Methods for detecting probable COVID-19 cases from large-scale survey data also reveal probable sex differences in symptom profiles

Klein, A., Puldon, K., Dilchert, S., Hartogensis, W., Chowdhary, A., Anglo, C., Pandya, L. S., Hecht, F. M., Mason, A. E., & Smarr, B. L.
Frontiers in Big Data, 5.

Daily symptom reporting collected via web-based symptom survey tools holds the potential to improve disease monitoring. Such screening tools might be able to not only discriminate between states of acute illness and non-illness, but also make use of additional demographic information so as to identify how illnesses may differ across groups, such as biological sex. These capabilities may play an important role in the context of future disease outbreaks. We used daily symptom profiles to plot symptom progressions for COVID-19, influenza (flu), and the common cold.

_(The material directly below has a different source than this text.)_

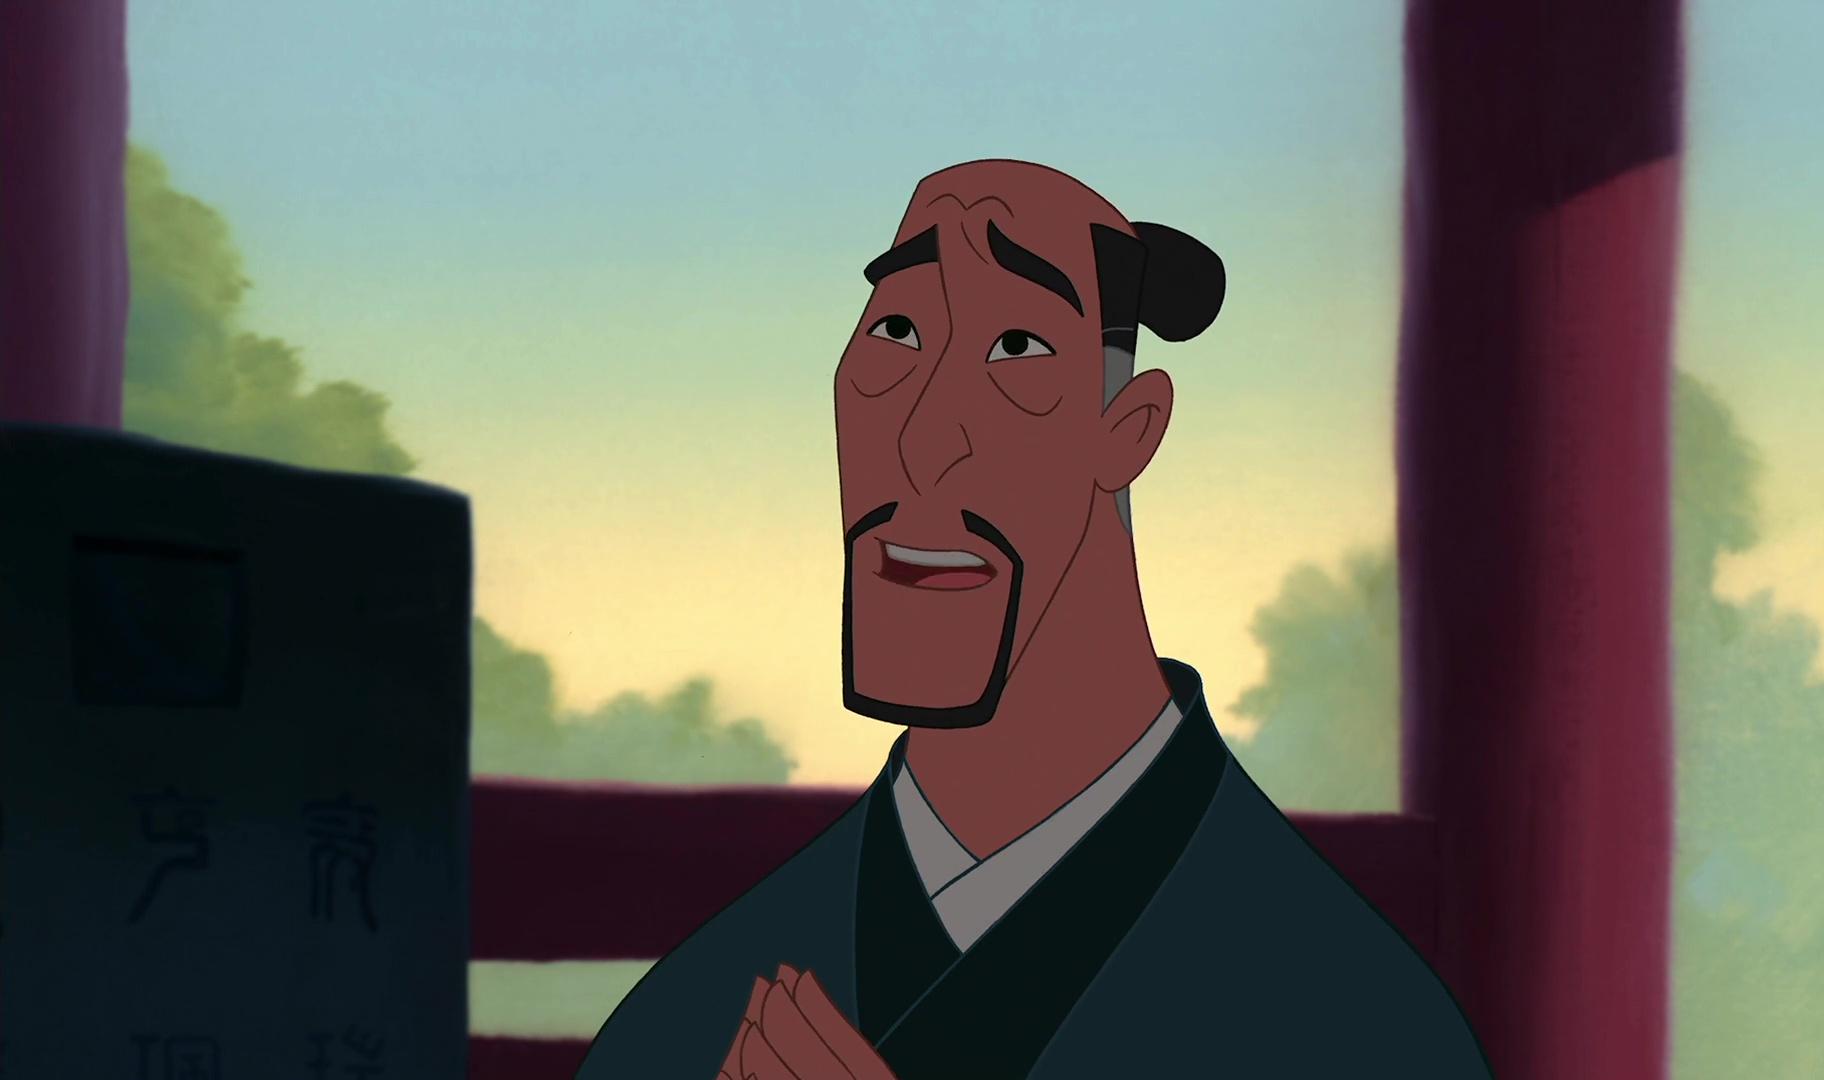 Uncategorized Fa Zhou fa zhou personnage dans disney planet character mulan
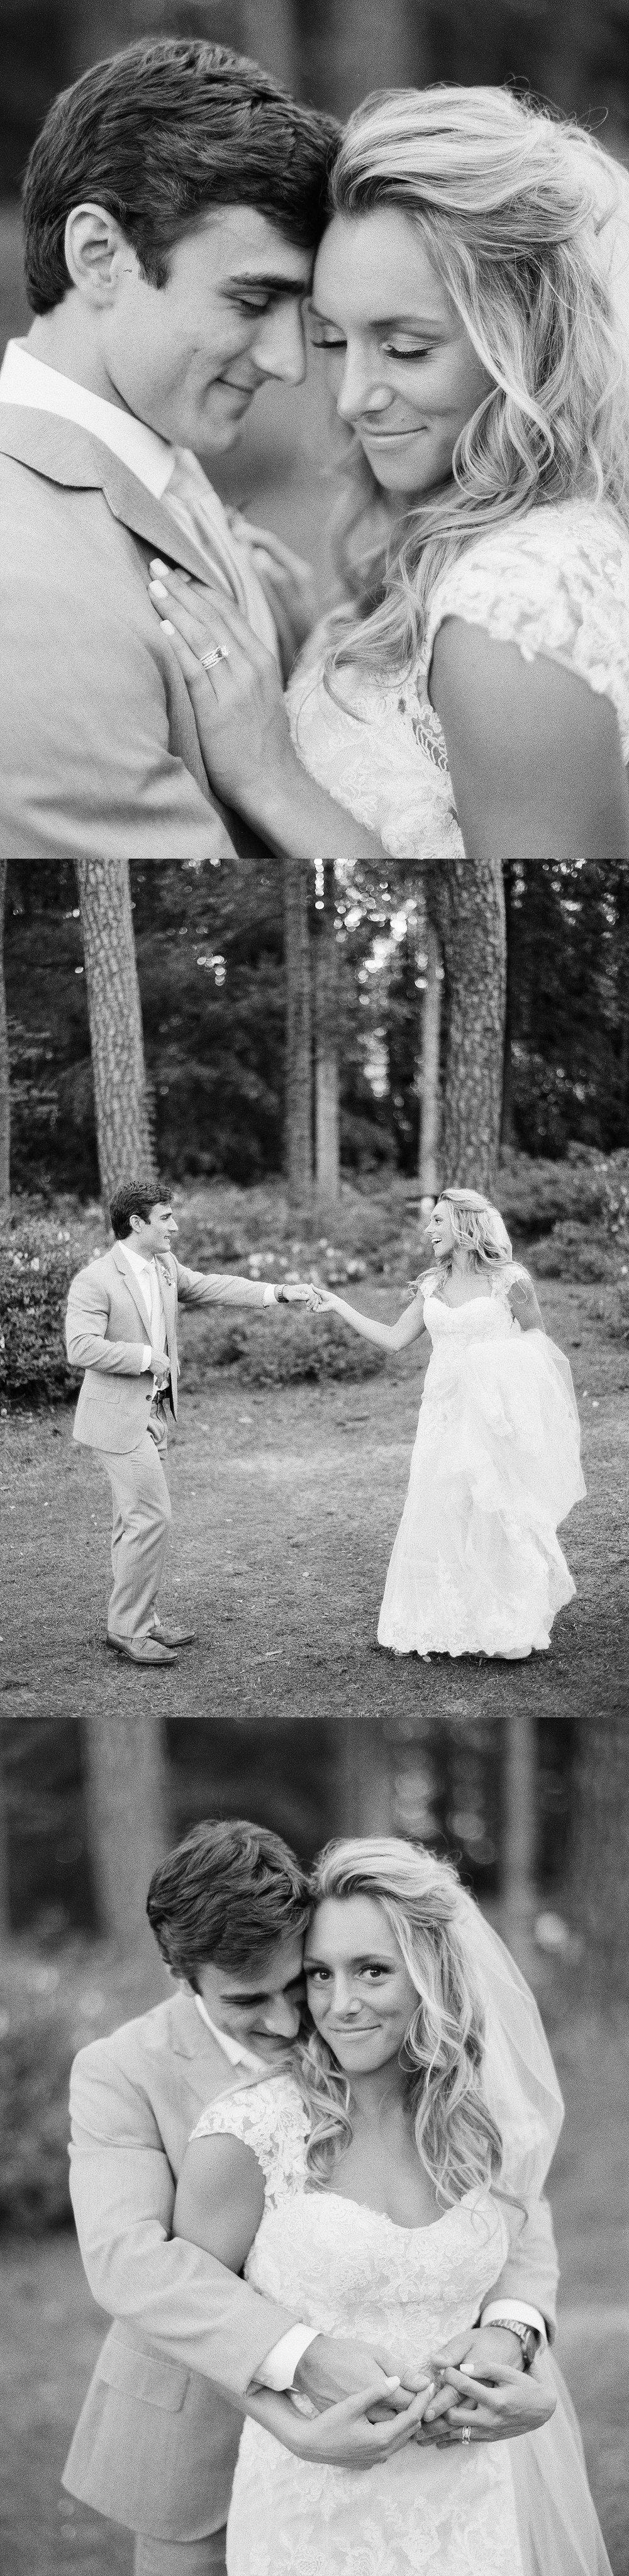 197country-club-johns-creek-wedding-anderson-.jpg

We then built a Bayesian network to discriminate between these three illnesses based on daily symptom reports. We identified key symptoms that contributed to a COVID-19 prediction in both males and females using a logistic regression model. Although the Bayesian model performed only moderately well in identifying a COVID-19 diagnosis (71.6% true positive rate), the model showed promise in being able to differentiate between COVID-19, flu, and the common cold, as well as periods of acute illness vs. non-illness. Additionally, COVID-19 symptoms differed between the biological sexes; specifically, fever was amore important symptom in identifying subsequent COVID-19 infection among males than among females.